Cherokee denied this, arguing that it had always acted in the interests of its shareholders. It's hard to see how. First, Cherokee had the insane idea of launching a 'babes on the green' caddy service, whereby nubile women would accompany golfers around the fairway, offering them advice on what to do with their mashie niblicks.
Then there was the inspired idea of riding the dotcom boom by investing what was purported to be £800,000 in a failed internet venture so that the clubs' delights could be viewed online.
Not content with all this, the company decided it would be a brilliant idea to buy a chain of fitness clubs. It approached Fitstop, launched by former Olympic athlete Sally Gunnell.
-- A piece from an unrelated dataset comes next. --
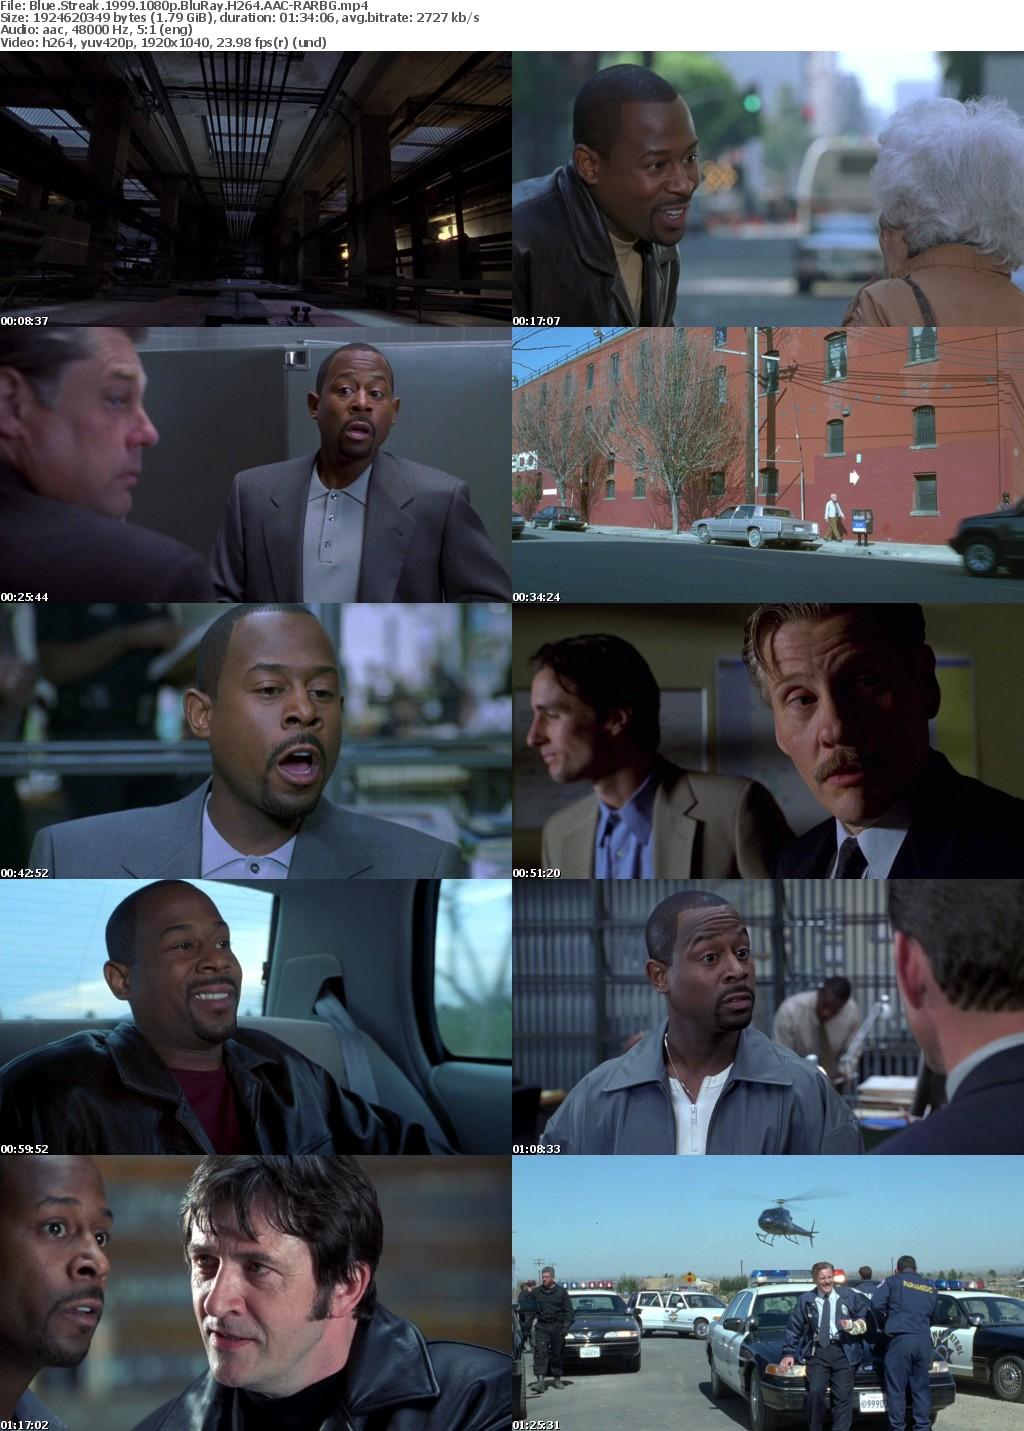 Blue Streak (1999) 1080p BluRay H264 AAC-RARBG

Cherokee managing director David Peters argued that the deal made strategic sense. 'People who work out also go table dancing,' Peters told an incredulous City.
To top it all, his firm failed to understand the most important rules of the table-dancing industry: don't make your clubs exclusive and do pick the right locations. But Cherokee's were for members only. It opened clubs in such salubrious places as Watford. And even those in more prestigious locations such as London's Tower Bridge area had to close at 11pm, completely missing the after-pub trade.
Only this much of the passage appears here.